▶ [AVAILABLE DATA]:

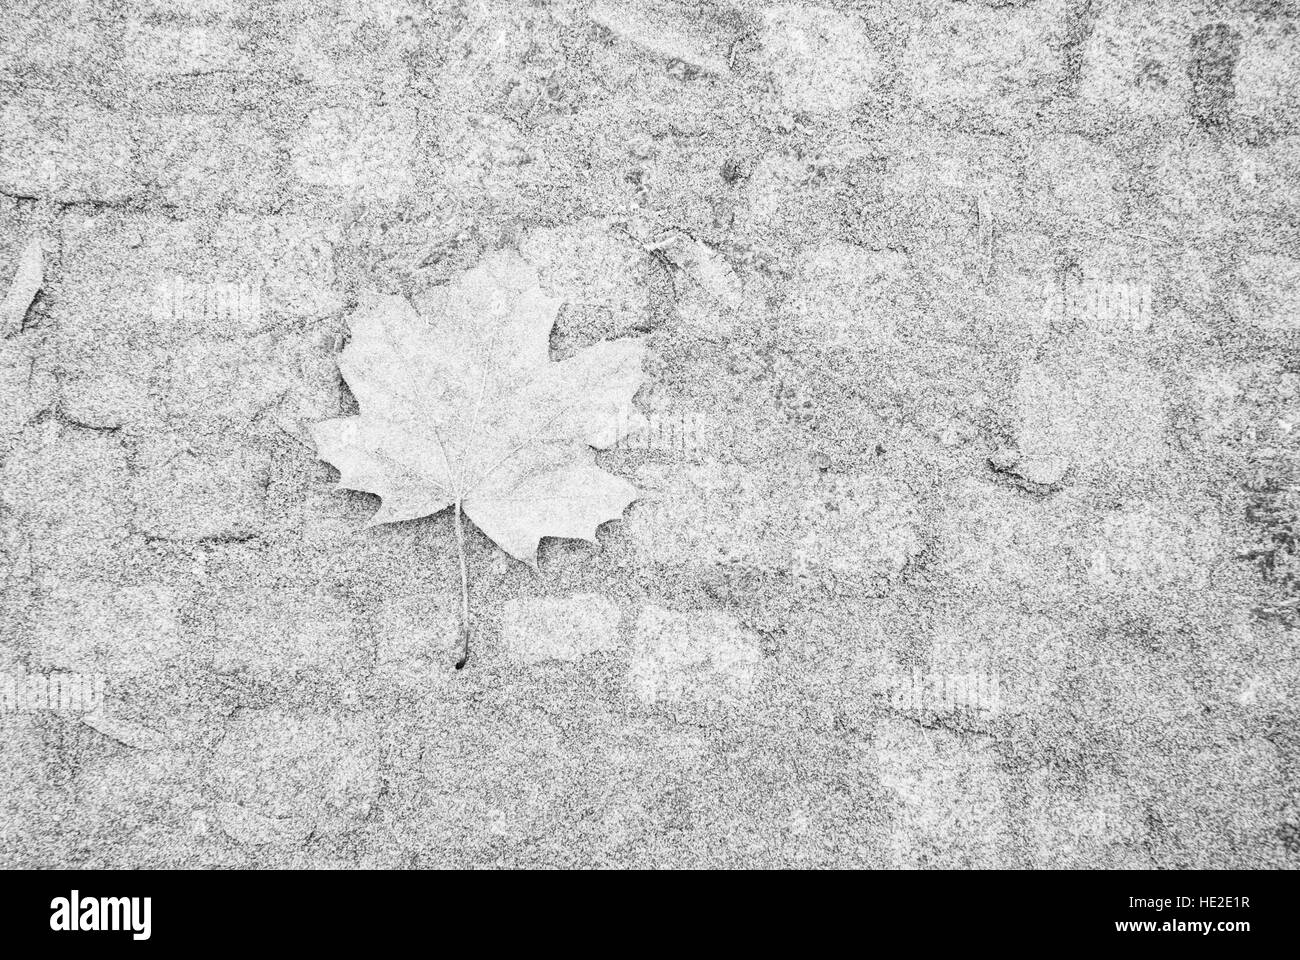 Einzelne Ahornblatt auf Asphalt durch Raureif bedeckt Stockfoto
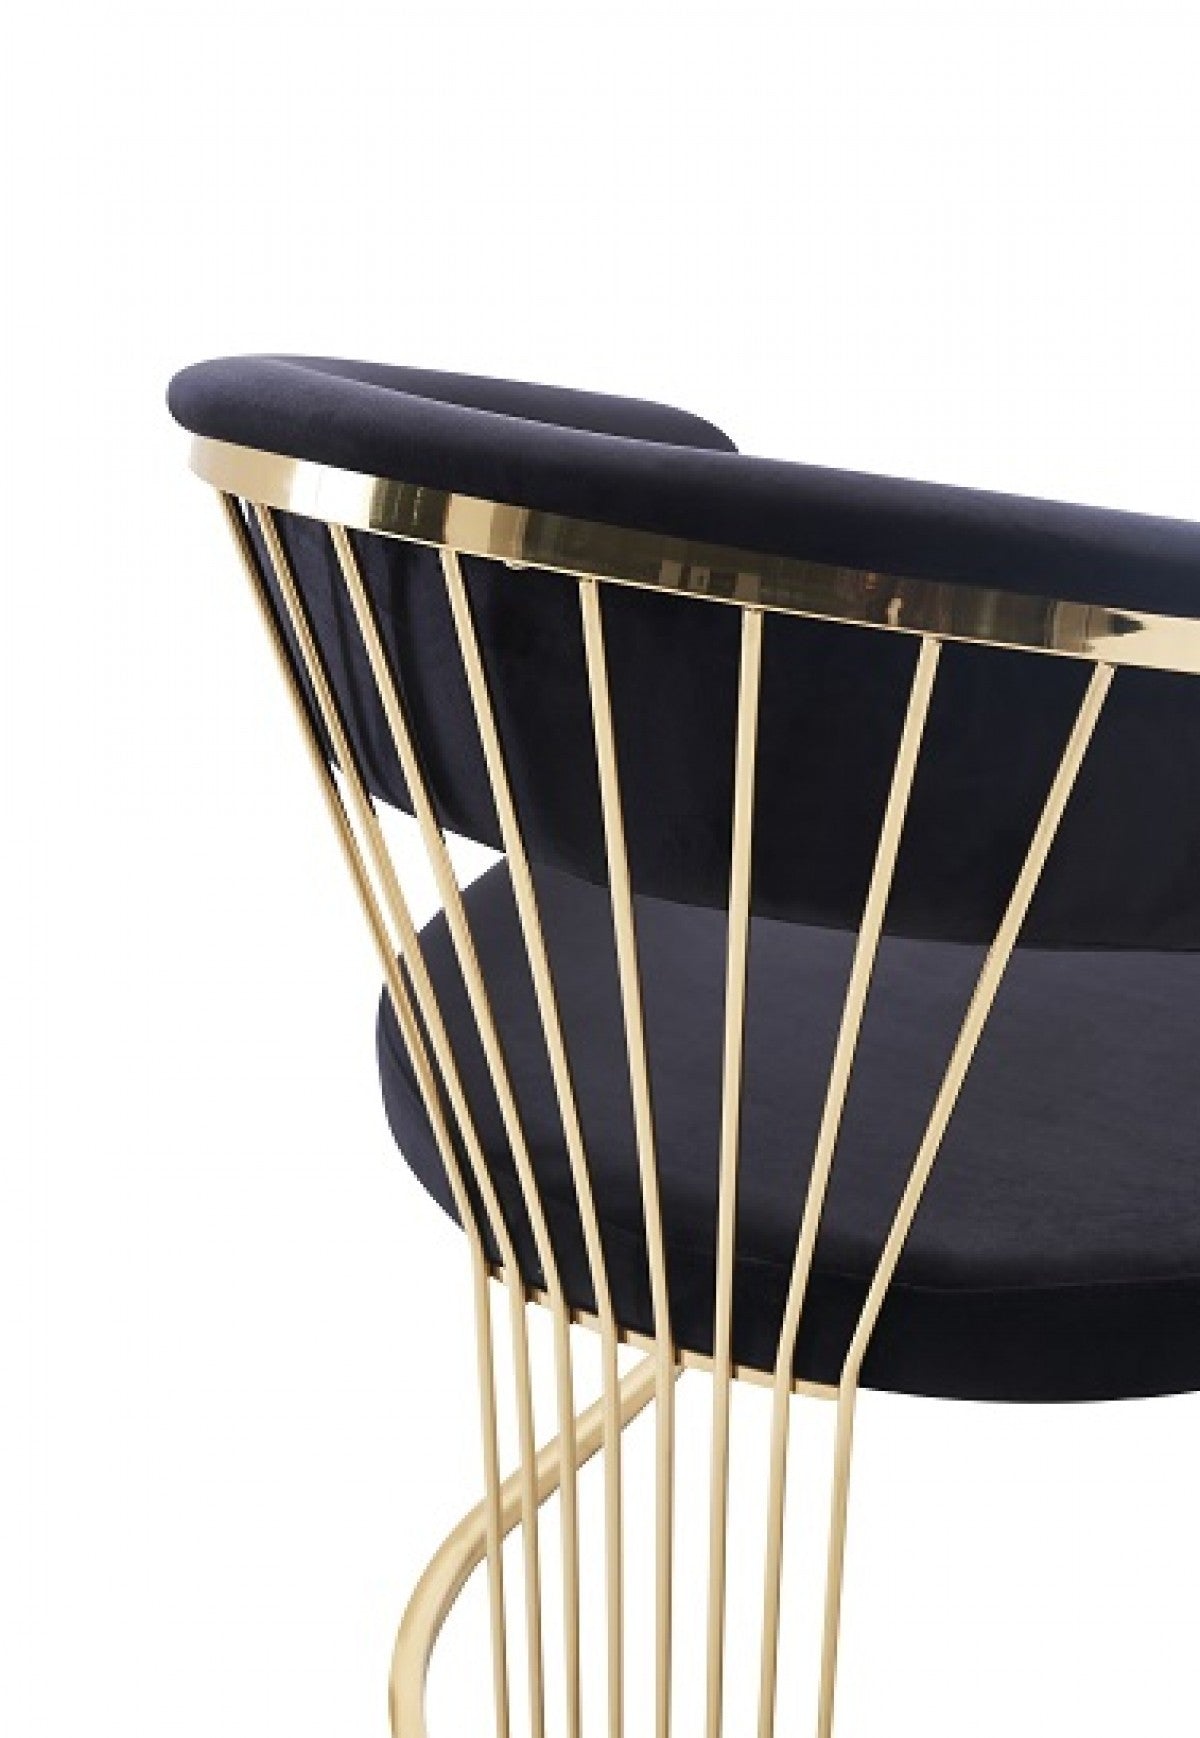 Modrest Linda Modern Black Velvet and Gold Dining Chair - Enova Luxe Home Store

* * *

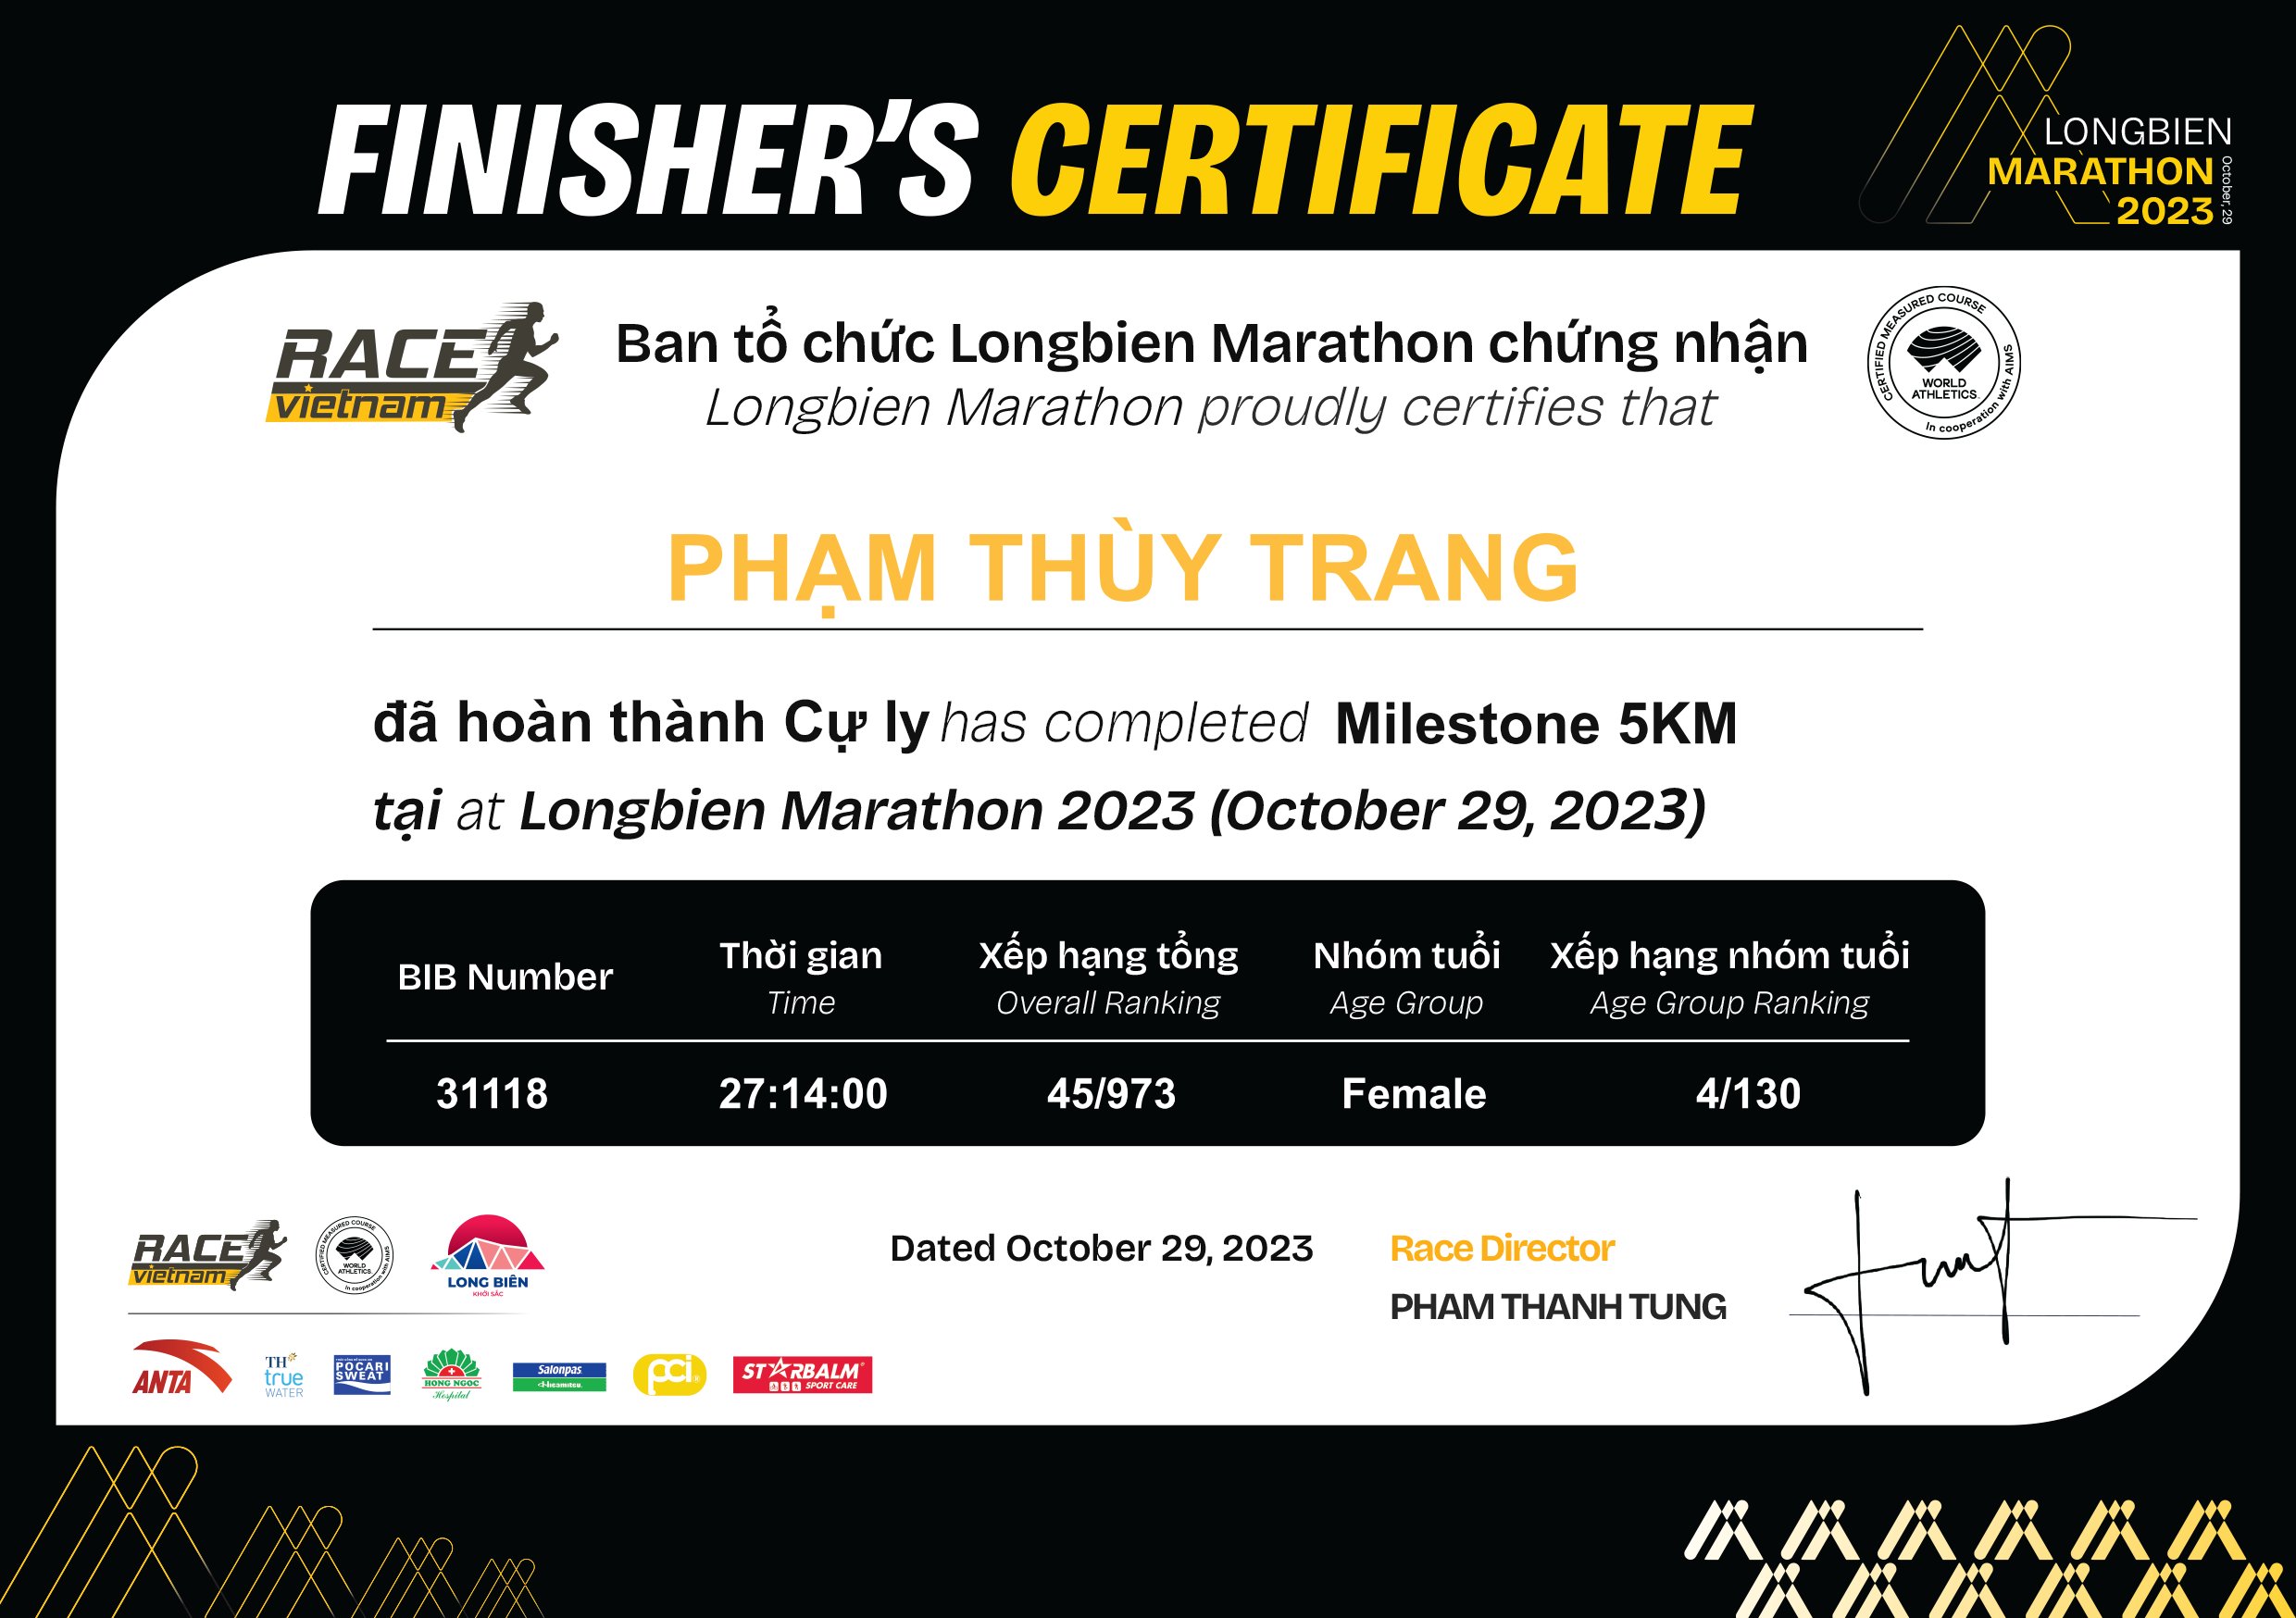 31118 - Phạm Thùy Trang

▶ [YOUR ASSIGNMENT]:
Copy word for word the lines of the records above from the one with "Einzelne Ahornblatt auf" up to and including the one with "Modrest Linda Modern". Skip the pictures.

▶ [WRITTEN SOLUTION]:
 Einzelne Ahornblatt auf Asphalt durch Raureif bedeckt Stockfoto
 Modrest Linda Modern Black Velvet and Gold Dining Chair - Enova Luxe Home Store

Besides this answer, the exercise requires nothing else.